XXXI
PERCY
NADA COMO O FRACASSO TOTAL para gerar grandes ideias.
Enquanto Percy se encontrava ali, desarmado e derrotado, o plano foi se formando em sua cabeça. Estava tão acostumado a ter Annabeth informando-o sobre as lendas gregas que ficou meio atônito ao se lembrar de algo útil, mas precisava agir rápido. Não podia deixar que nada acontecesse a seus amigos. Ele não ia perder Annabeth — não de novo.
Crisaor não podia ser derrotado. Pelo menos não no combate mano a mano. Mas sem sua tripulação... talvez pudesse ser vencido se um número suficiente de semideuses o atacasse de uma só vez.
Como lidar com a tripulação de Crisaor? Percy juntou as peças: os piratas haviam sido transformados em homens-golfinhos milênios antes, quando haviam sequestrado a pessoa errada. Percy conhecia essa história. Diabos, a pessoa errada em questão havia ameaçado transformar o próprio Percy em um golfinho. E, quando Crisaor dissera que a tripulação não tinha medo de nada, um dos golfinhos, nervoso, o havia corrigido. Sim, Crisaor tinha dito. Mas ele não está aqui.
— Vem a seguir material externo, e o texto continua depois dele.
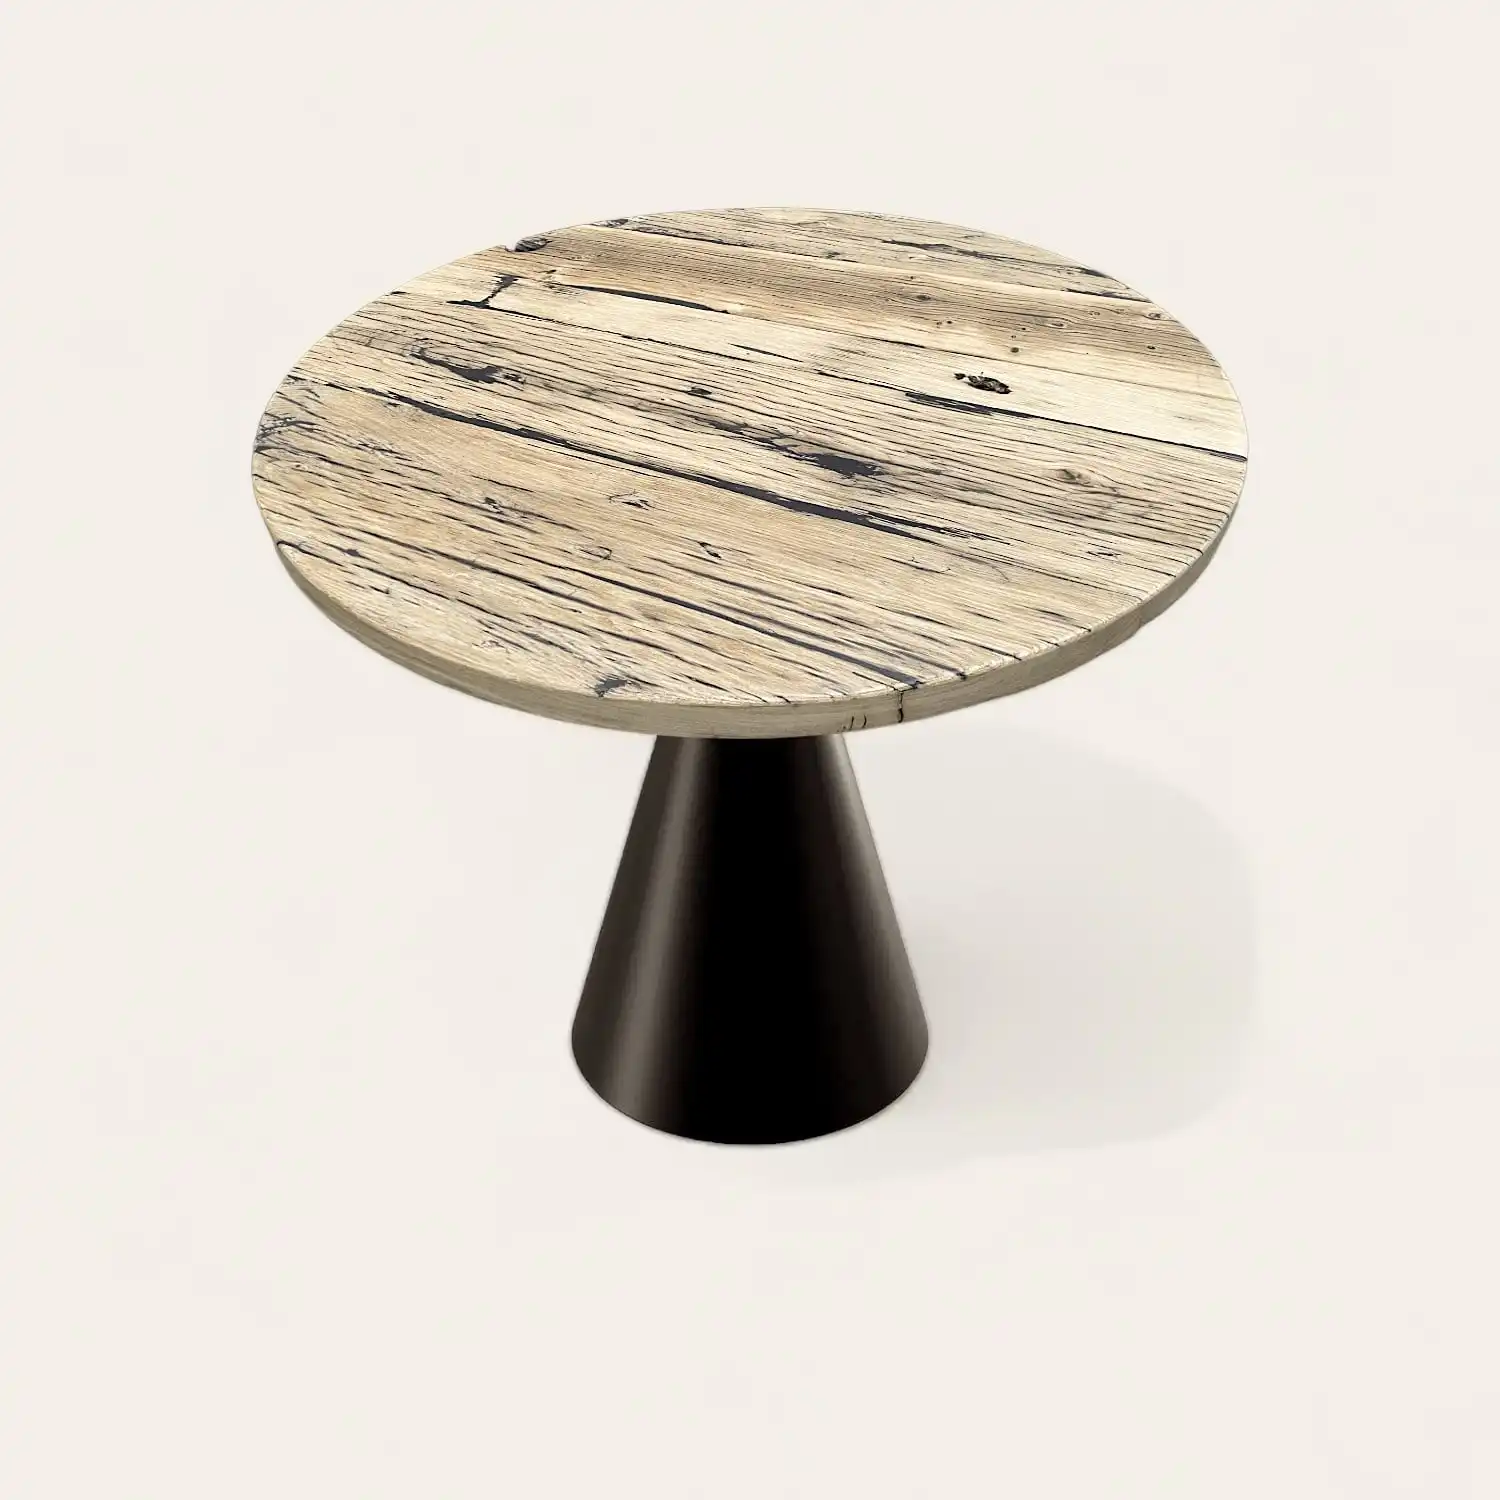  Une table ronde rustique en bois avec un piètement noir.

Percy olhou na direção da popa e avistou Frank, na forma humana, espiando de trás de uma balista, à espera. Percy resistiu ao impulso de sorrir. O grandalhão dizia ser desajeitado e inútil, mas parecia sempre estar exatamente no lugar certo quando Percy precisava dele.
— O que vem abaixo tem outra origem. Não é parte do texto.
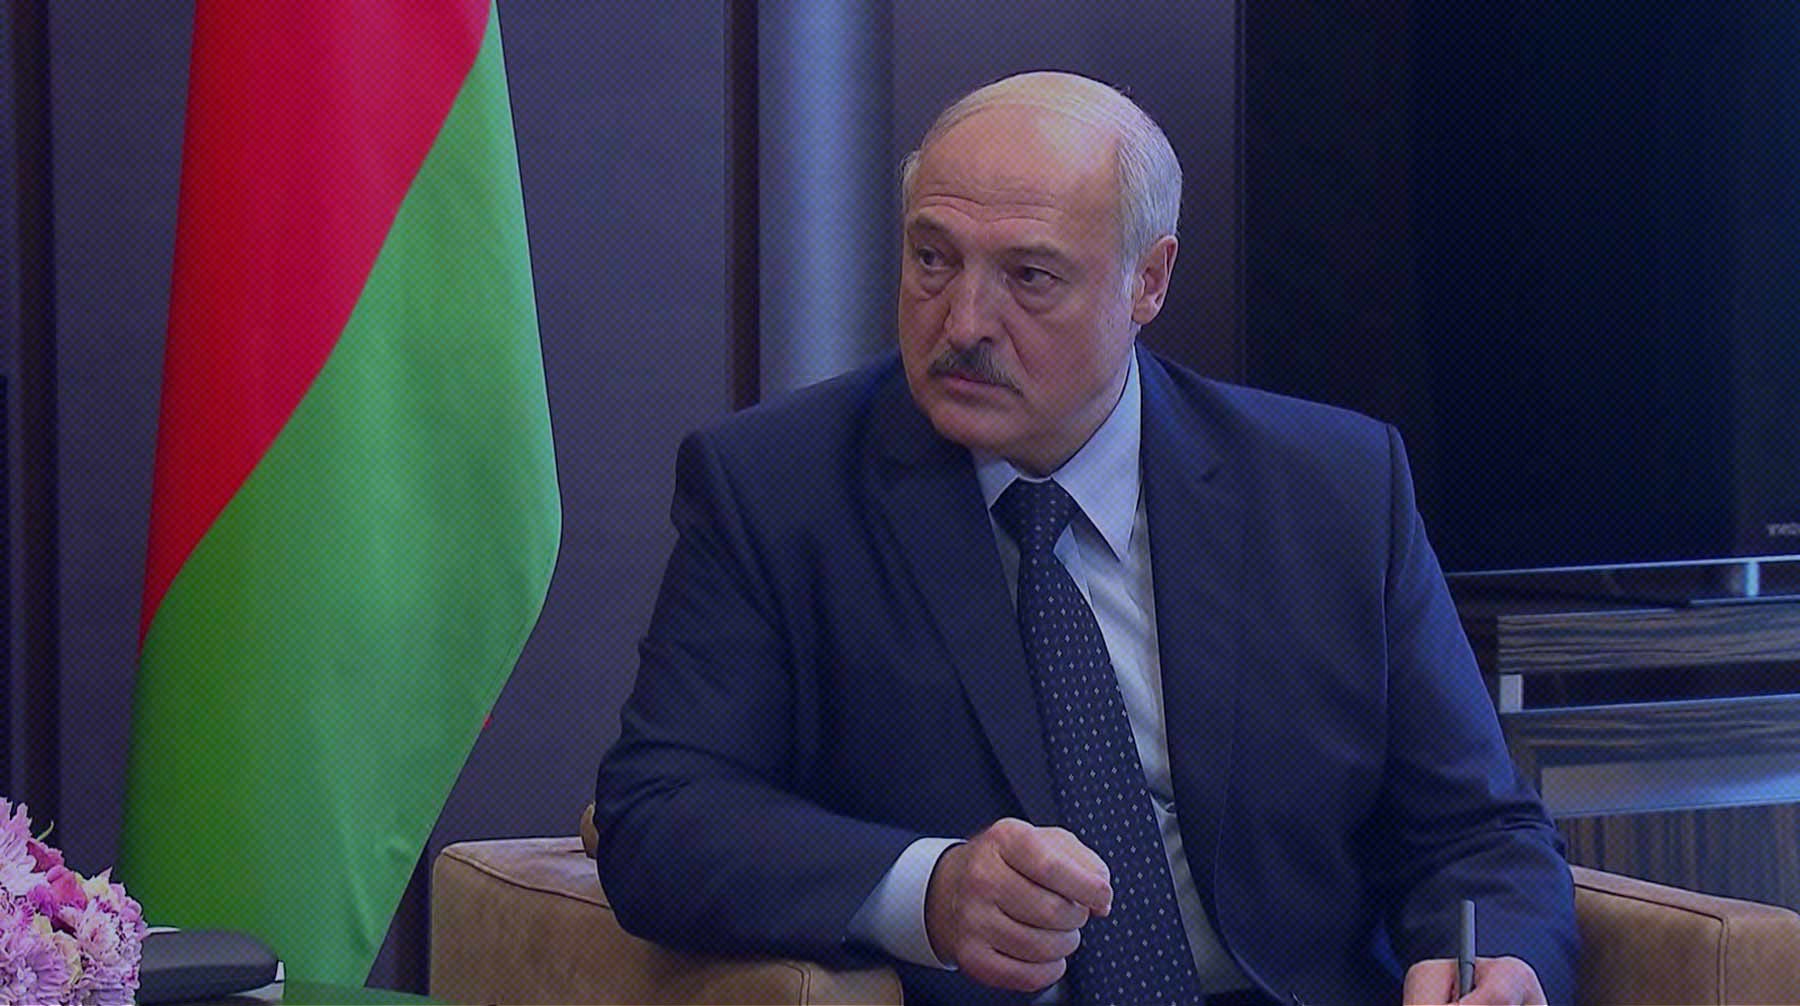 Белорусский лидер заявил, что у него уже есть договоренность с Путиным о таком визите Фото:  Global Look Press / Kremlin Pool

As garotas... Frank... o cooler.
Era uma ideia louca. Mas, como de costume, era tudo que Percy tinha.
— Está bem! — gritou Percy, tão alto que atraiu a atenção de todos. — Podem nos levar se nosso capitão permitir.
Crisaor voltou a máscara dourada para ele.
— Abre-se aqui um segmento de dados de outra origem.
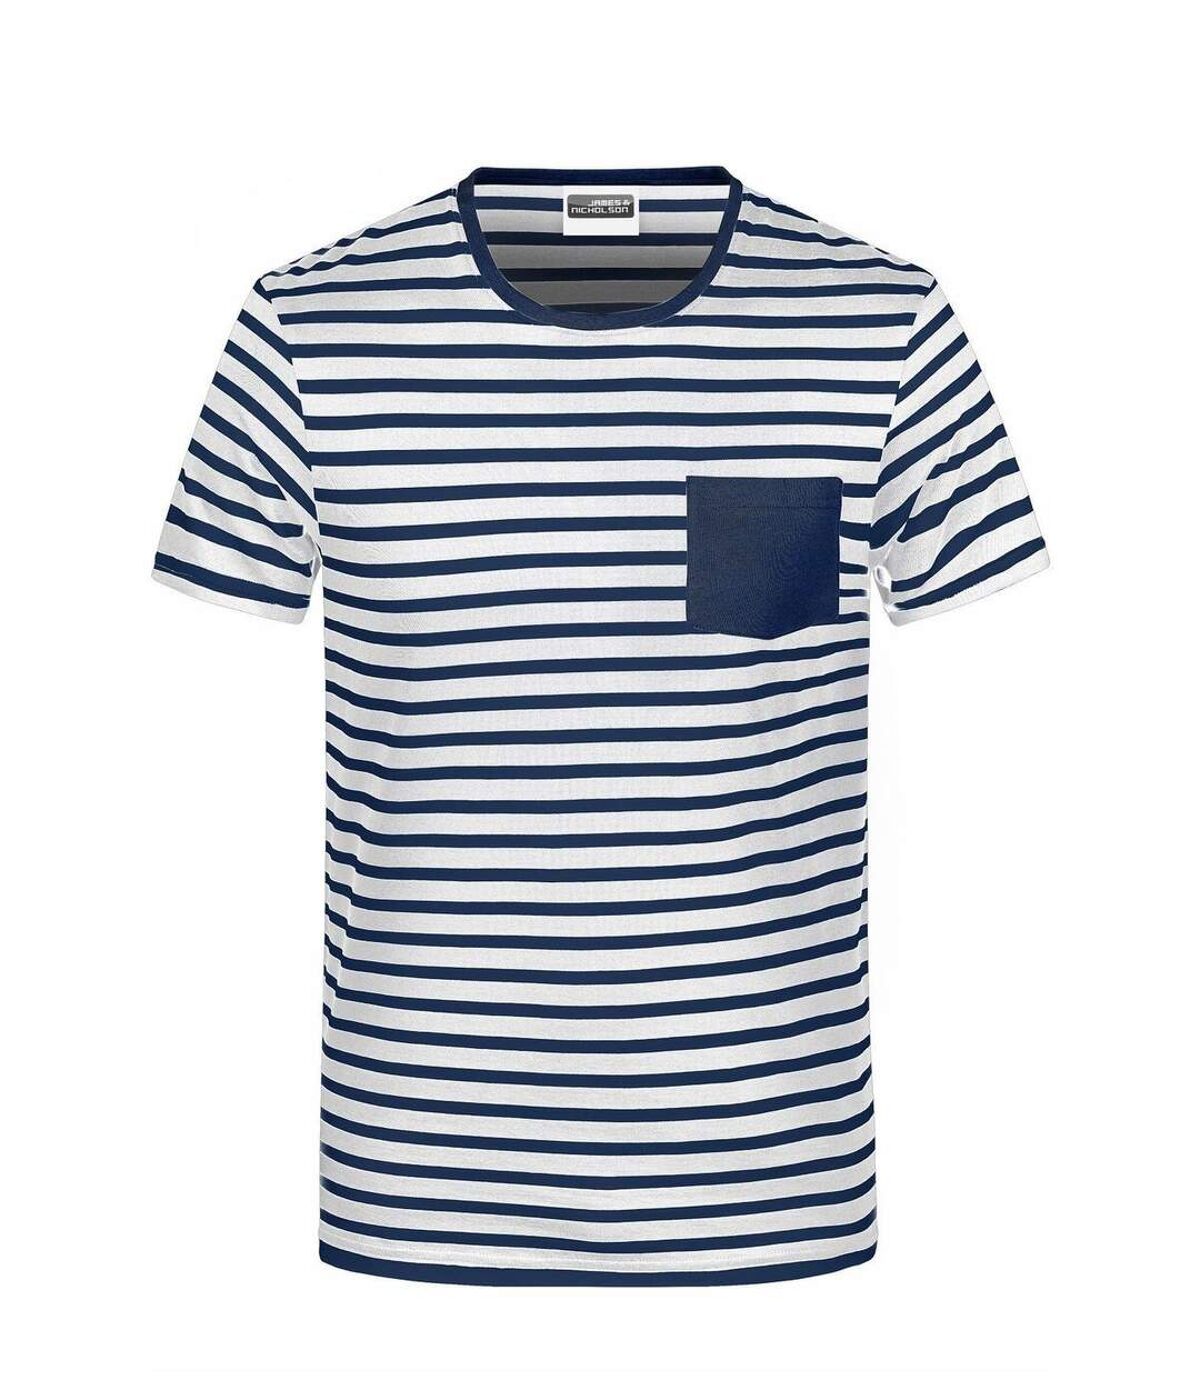 T-shirt rayé coton bio marinière homme - 8028 - blanc et bleu marine

— Que capitão? Meus homens vasculharam o navio. Não tem mais ninguém aqui.
Percy ergueu as mãos dramaticamente.
— O deus aparece apenas quando quer. Mas é o nosso líder. Ele dirige nosso acampamento de semideuses. Não é, Annabeth?
Annabeth foi rápida.
— Sim! — Ela balançou a cabeça com entusiasmo. — O sr. D! O grande Dioniso!
Uma onda de mal-estar percorreu os homens-golfinhos. Um deles deixou a espada cair.
— Fiquem firmes! — berrou Crisaor. — Não tem nenhum deus neste navio. Eles estão tentando assustar vocês.
— Vocês deviam mesmo ficar assustados! — Percy lançou um olhar solidário à tripulação de piratas. — Dioniso vai ficar muitíssimo irritado com vocês por retardarem nossa viagem. Ele punirá todos nós. Vocês não perceberam as garotas sucumbindo à loucura do deus do vinho?
Hazel e Piper haviam cessado os ataques de tremedeira. Estavam sentadas no convés, olhando para Percy, mas, quando ele as fitou incisivamente, elas recomeçaram a fazer cena, tremendo e se debatendo como peixes. Os homens-golfinhos, atrapalhados, fugiram de seus prisioneiros.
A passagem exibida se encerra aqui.